When I came out of the CT machine, the tech asked me how I was doing and I told her that I was starting to freak out. She sympathized but told me point blank that I had to keep it on for about 7 more minutes. She said she would stay by me and hold my hand for the rest of the time. Which was nice of her, and it helped. I started to breath through my mouth, as well as my nose, which also helped.
"They must use these at Gitmo," I commented, lamely. Bet she never heard that one.
When I was leaving she said that most likely my regular sessions won't be the fifteen minutes that I had the mask on during the planning session, but shorter. That was good news....
Flash-forward to today and what did the tech tell me? I'd be wearing the mask for about fifteen minutes. I groaned. She sympathized.
Her name is Erika, and she remembered me from 2007. What a sweetheart she is. I remembered her too. I also remembered Joe, who brought me in to the back where the machines are. Joe was also kind enough to let me hold onto his arm after my session because I got a little dizzy and almost tipped over (thank you big radiation machine for being there to grab hold of!)
I was surprised that today the mask was still as tight as it was last week. I thought maybe somehow it wouldn't be. Maybe it was the wet factor that made it so tight, but no, it was just as tight. When she said it would be fifteen minutes I sort of felt a bit of dread. I wondered for a moment if I could do this. Plus, before I came in, they gave me my schedule and I saw that I would be having 30 sessions. I didn't know if I could do this 30 times.
It was super muggy in the room, which didn't help. They snapped the mask on and right away I decided to make sure I was breathing properly. Deep and with nose and mouth.

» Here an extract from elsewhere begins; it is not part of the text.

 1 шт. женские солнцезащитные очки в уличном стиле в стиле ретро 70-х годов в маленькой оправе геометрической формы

They took x-rays, so I think that is why it was fifteen minutes. I hope so anyway. I think the treatment itself is eight minutes. Thankfully, I didn't freak out this time, but it still felt like heaven when they took the suffocating piece of shit off.

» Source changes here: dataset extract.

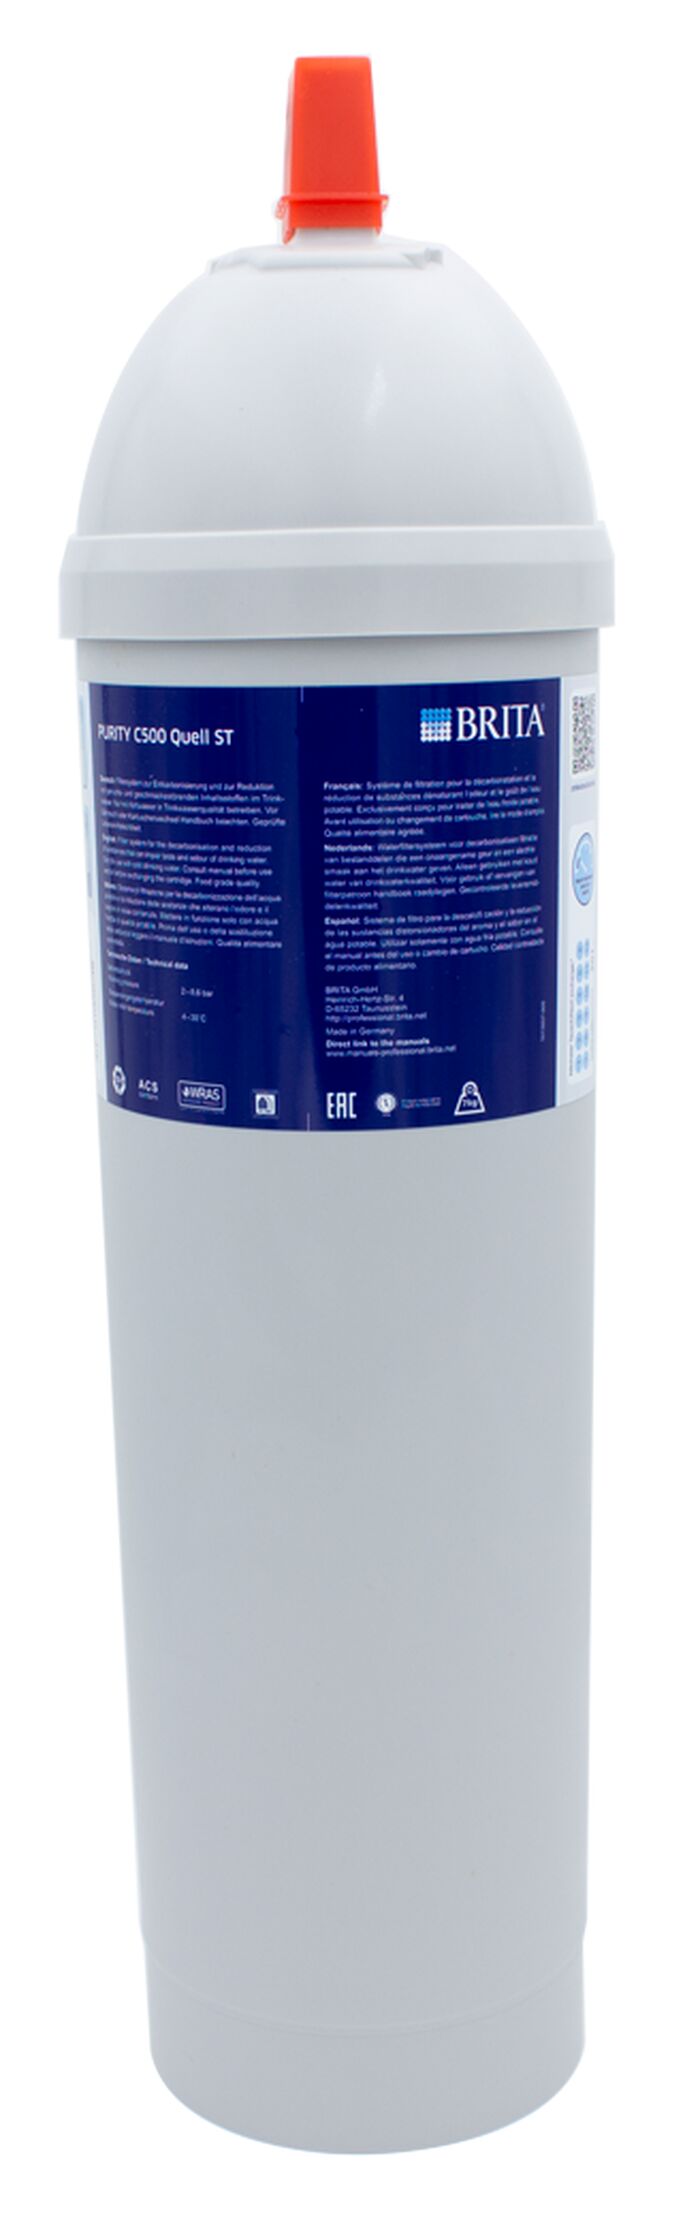 Genuine Brita Purity C500 Quell ST water filter cartridge by BRITA

Sitting up from the bed, which is basically a slab of some kind of hard back breaking material, I felt a bit light-headed... thus almost falling over on my way over to get my glasses. Tomorrow I will be sure to sit on the slab upright for a little bit before I venture off.
I've decided that it wasn't as bad as I was thinking it was going to be when I first heard Erika say "fifteen minutes" and when the mask first got snapped down. For the first couple of minutes I was thinking that this is finally going to be a test. This is really going to test me in ways I haven't been tested before. But now I have decided that I am going to think about people that have really been tortured. Those human souls that didn't have sympathetic technicians administering to them while suffering tortures of the unimaginable. Compared to that, this is playtime.